In the data below, reproduce everything exactly except the images.

__Information provided__
******************************
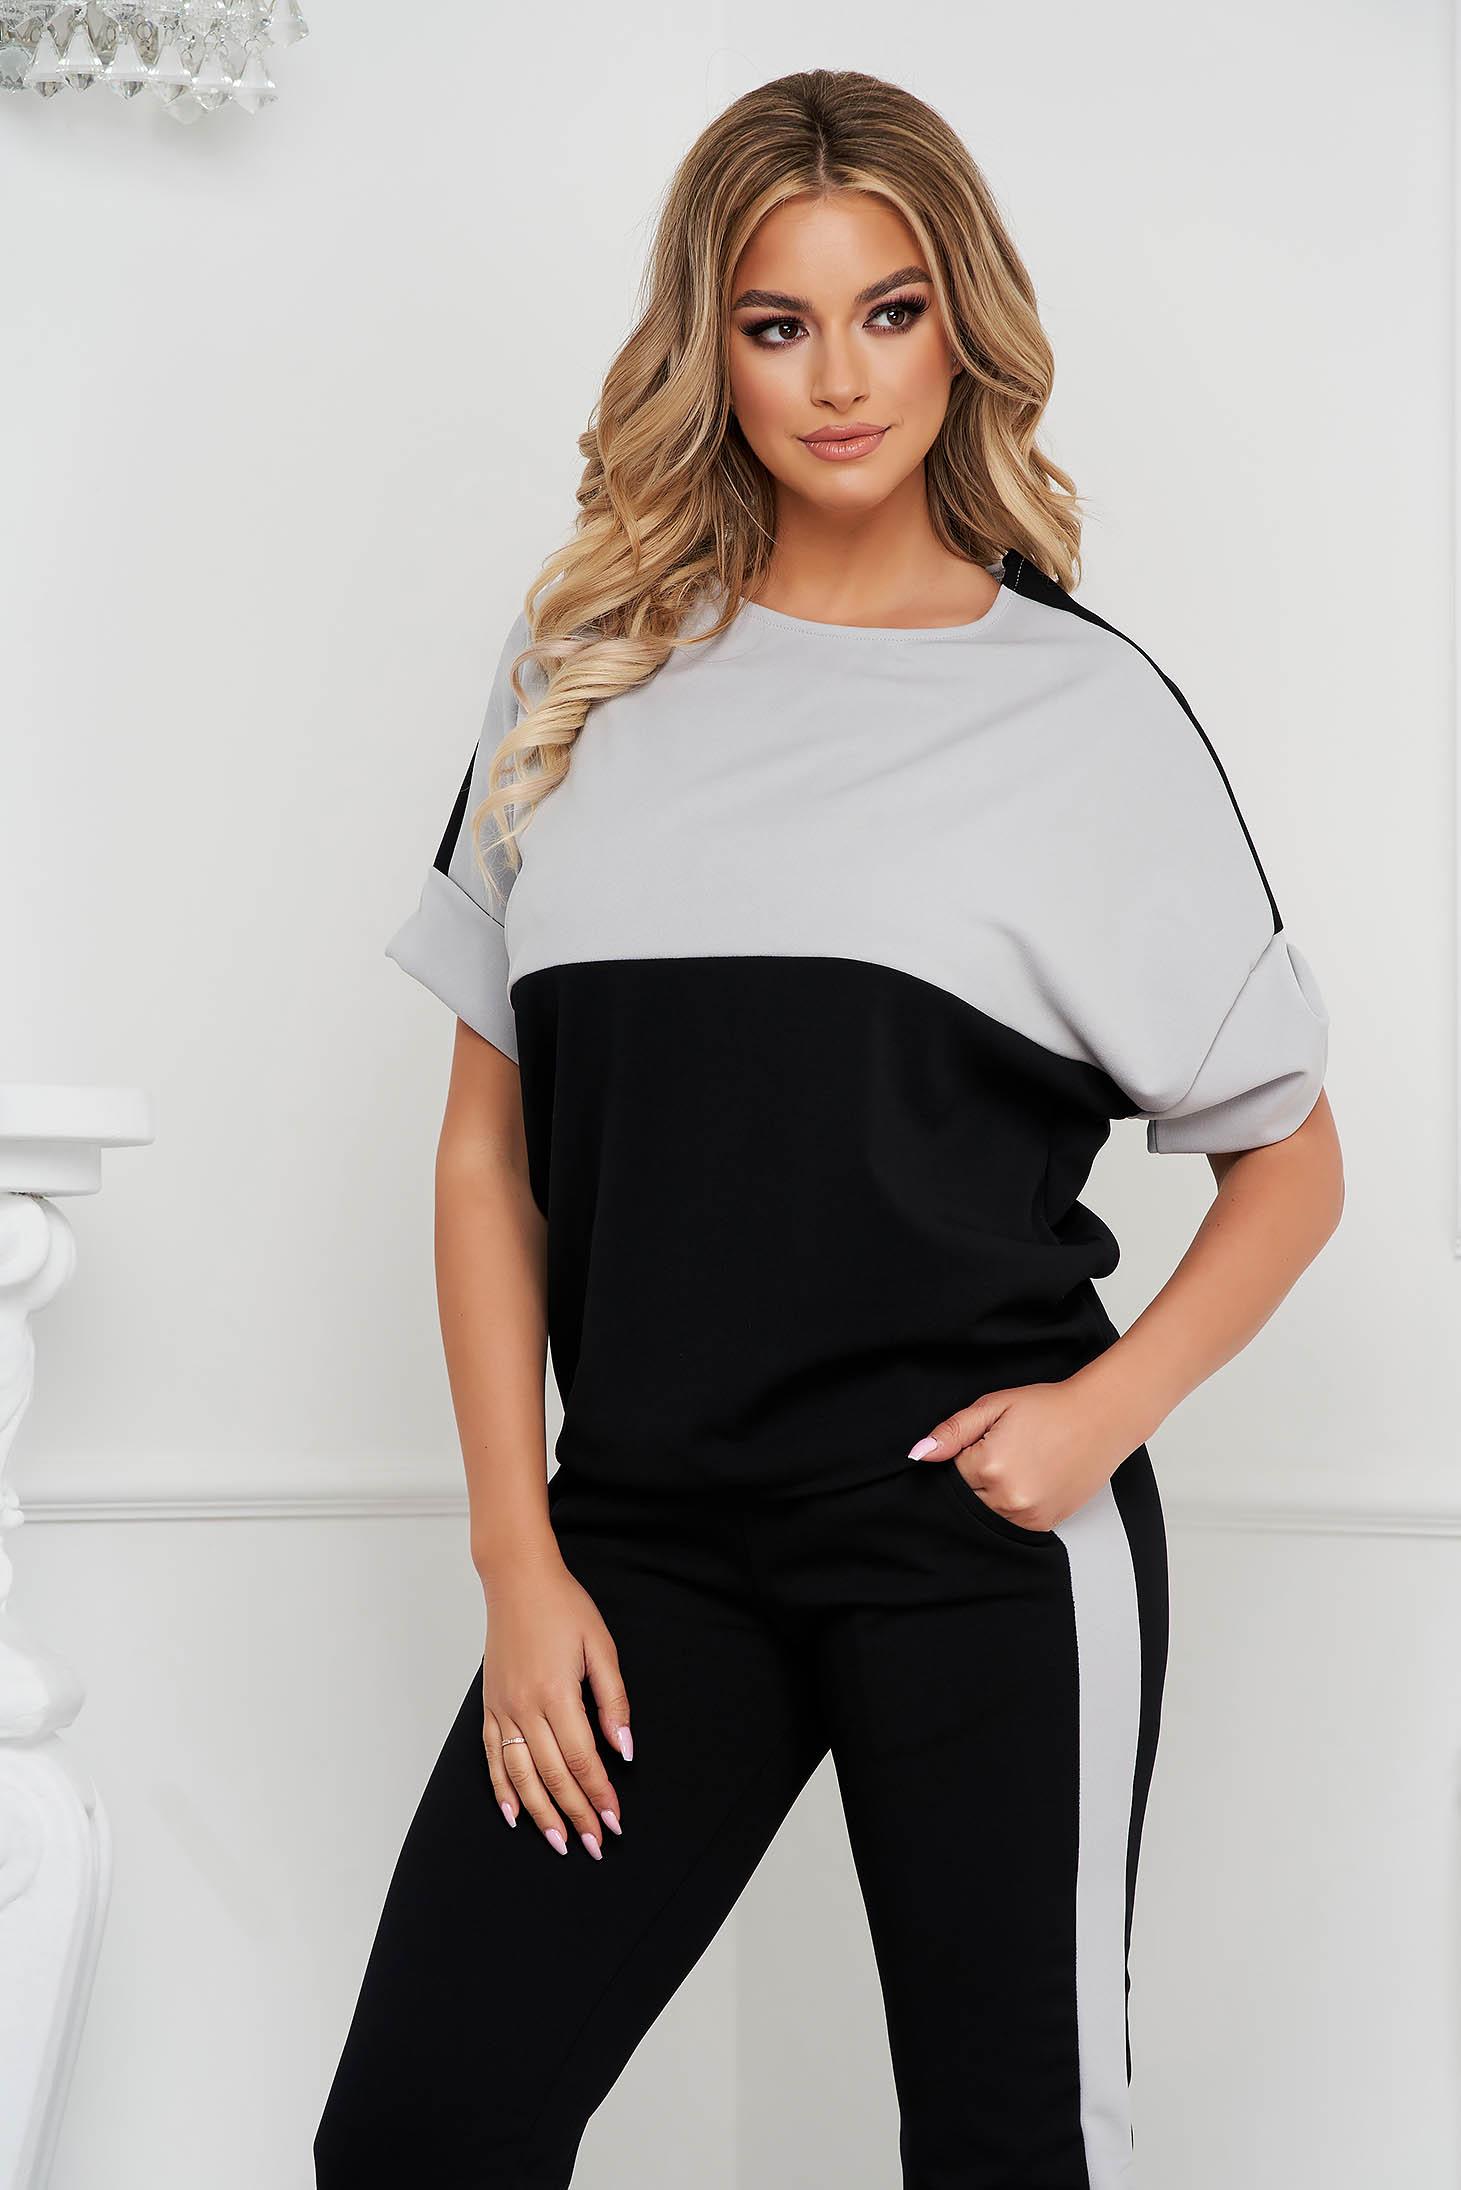 Black sport 2 pieces loose fit medium waist with pockets
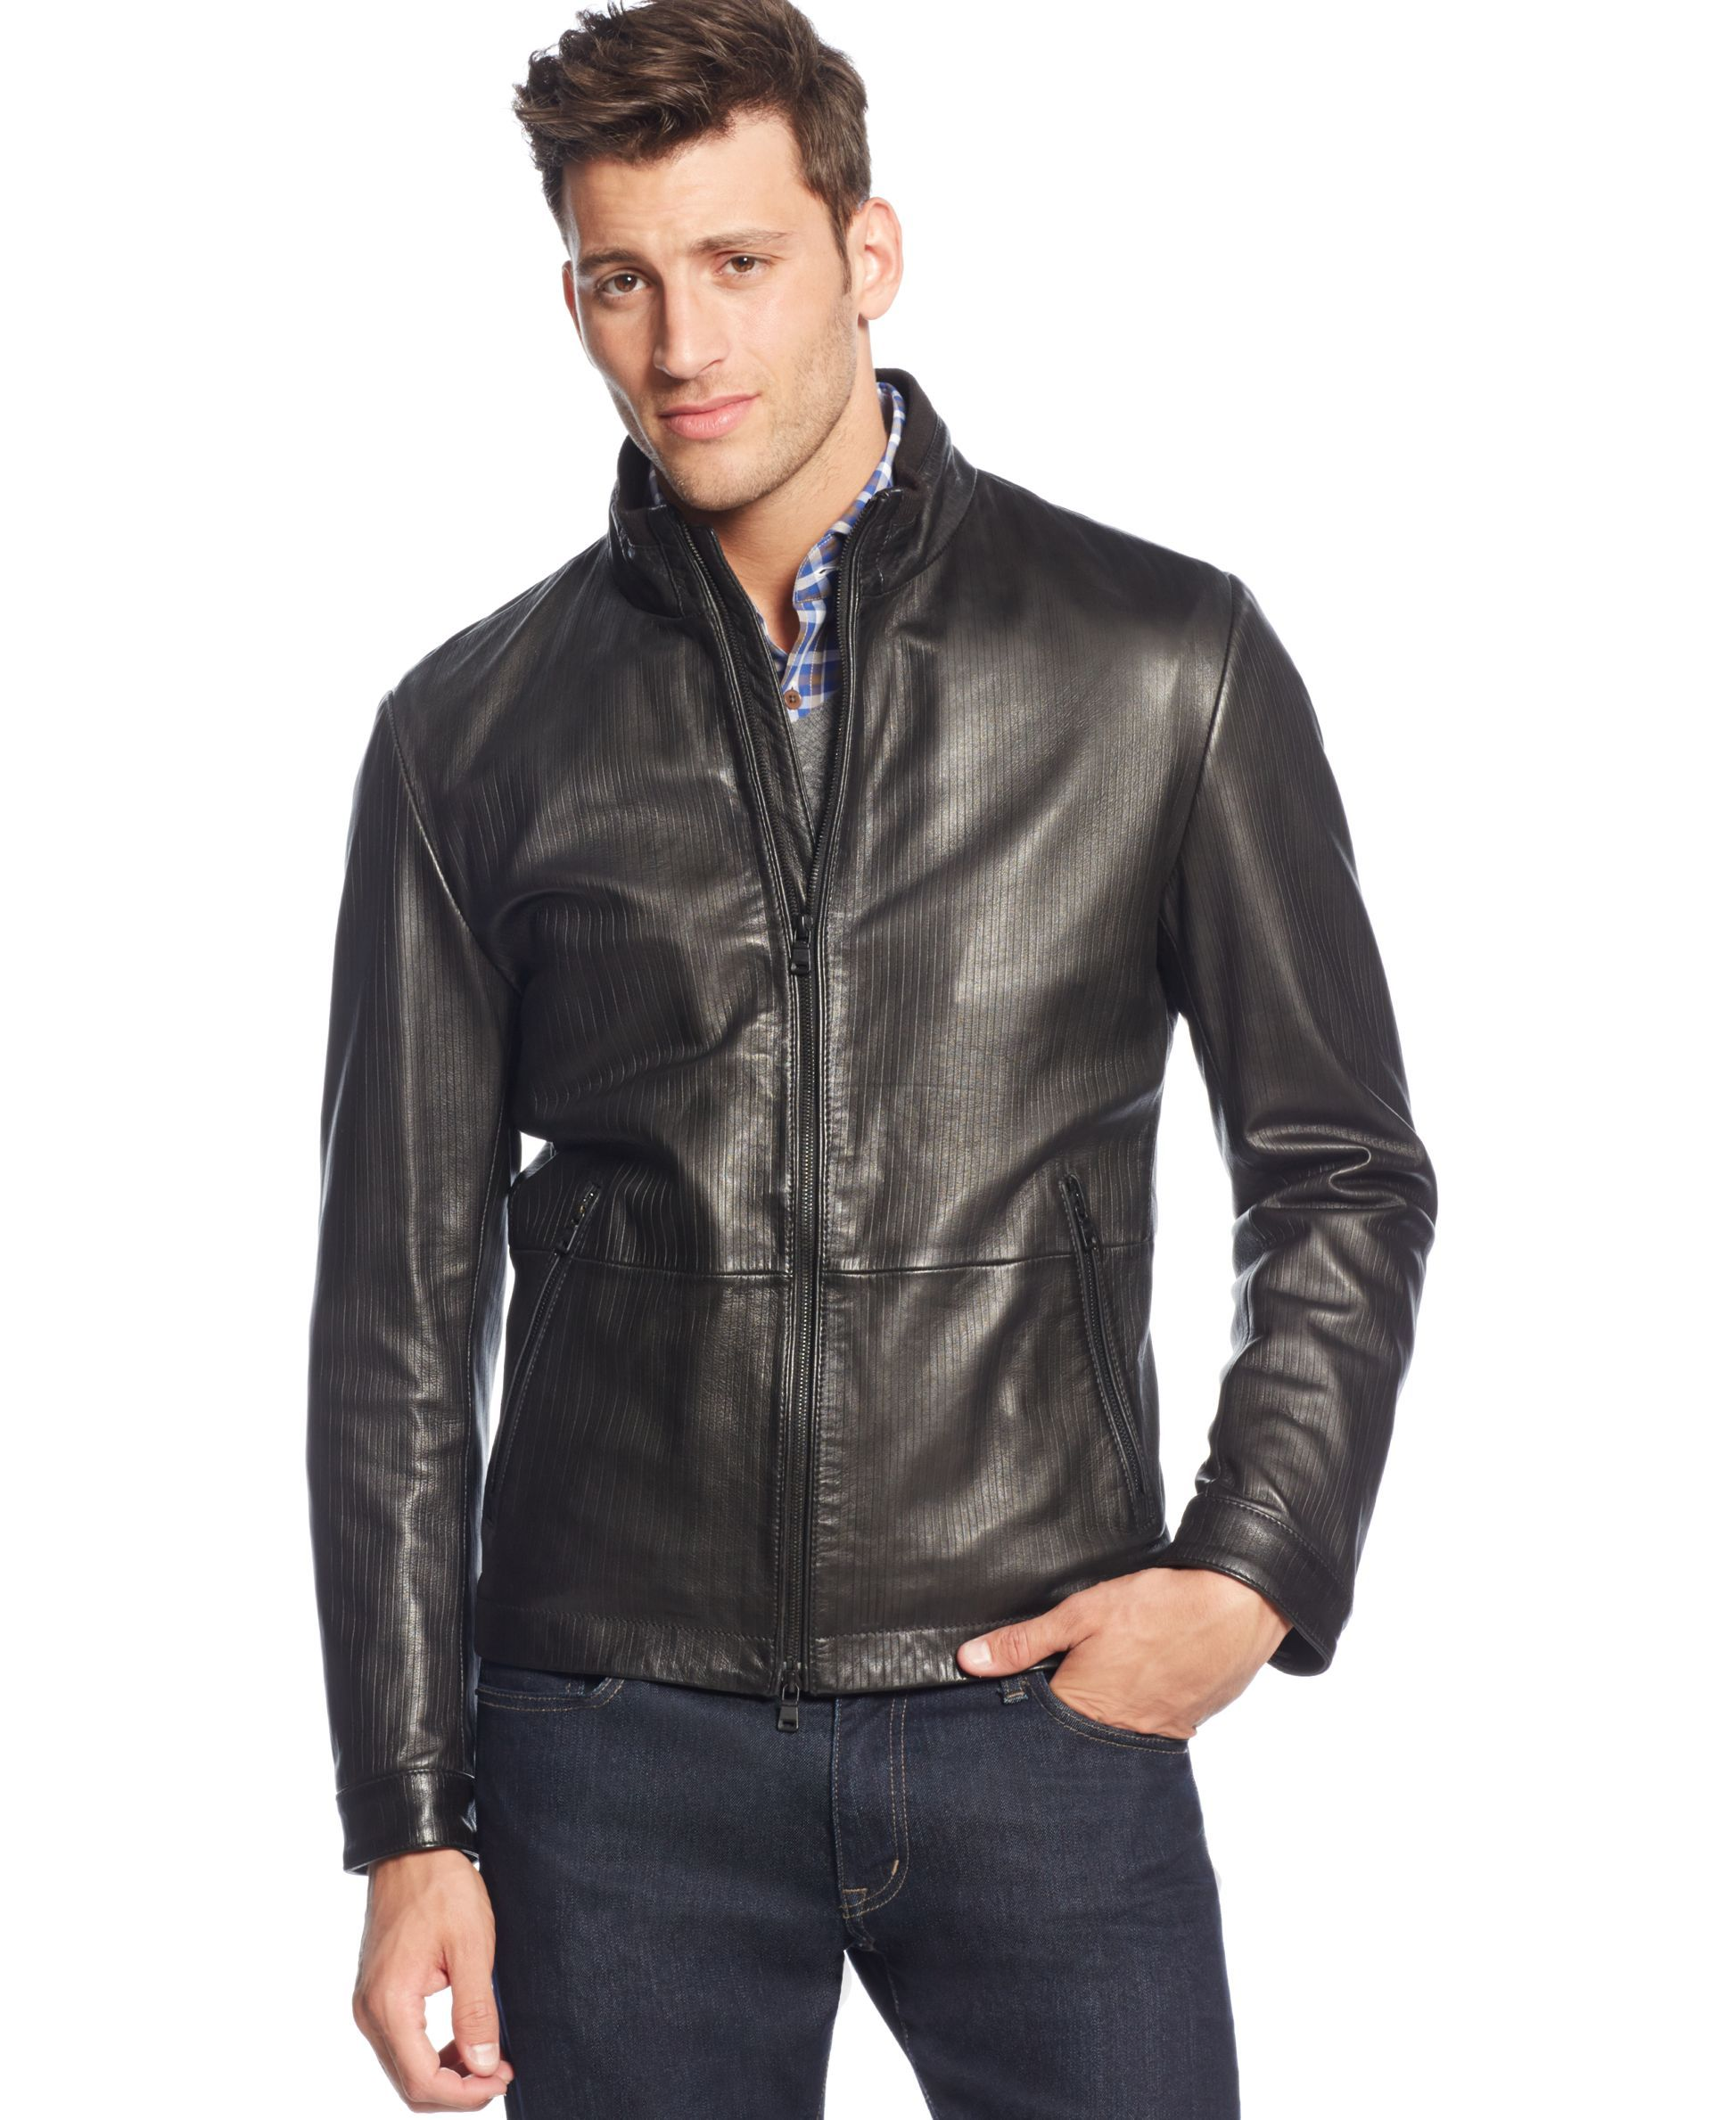 Boss Hugo Boss Garin Leather Jacket Coats Jackets Men Macy S Jackets Men Fashion Leather Jacket Jackets [ 2378 x 1947 Pixel ]
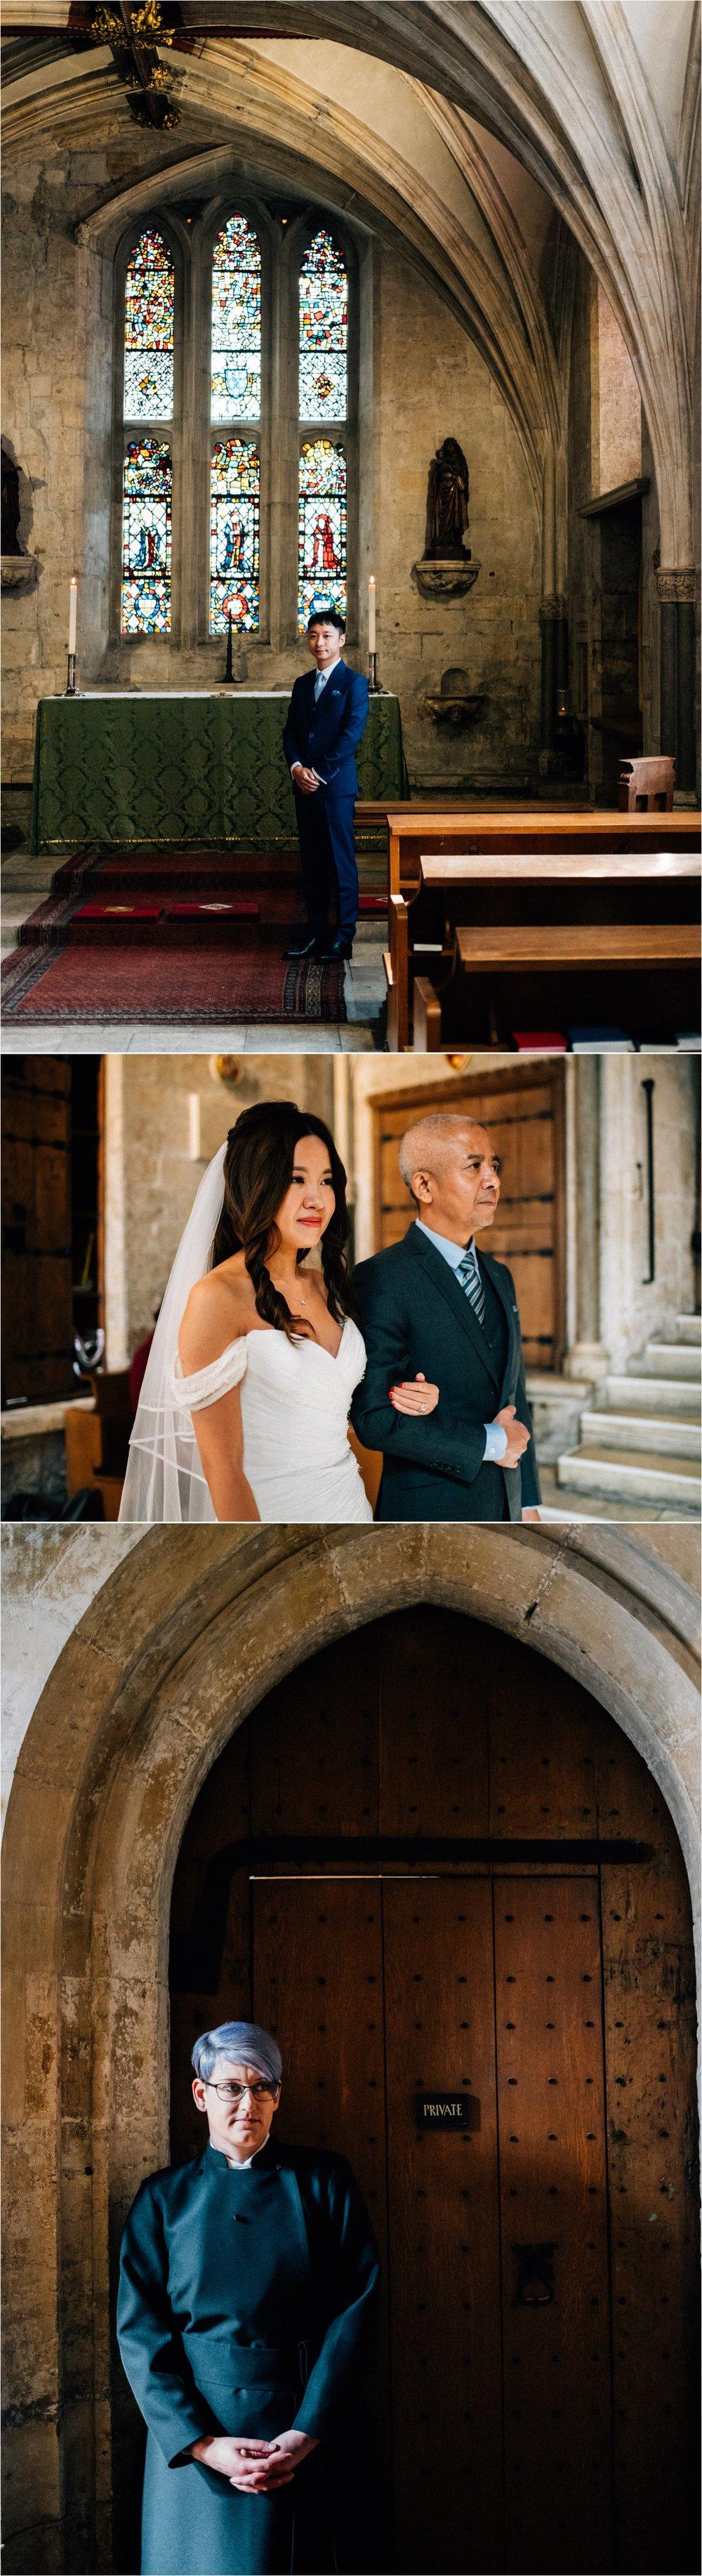 York city elopement wedding photographer_0127.jpg
******************************
__Reply to the exercise__
 Black sport 2 pieces loose fit medium waist with pockets
 Boss Hugo Boss Garin Leather Jacket Coats Jackets Men Macy S Jackets Men Fashion Leather Jacket Jackets [ 2378 x 1947 Pixel ]
 York city elopement wedding photographer_0127.jpg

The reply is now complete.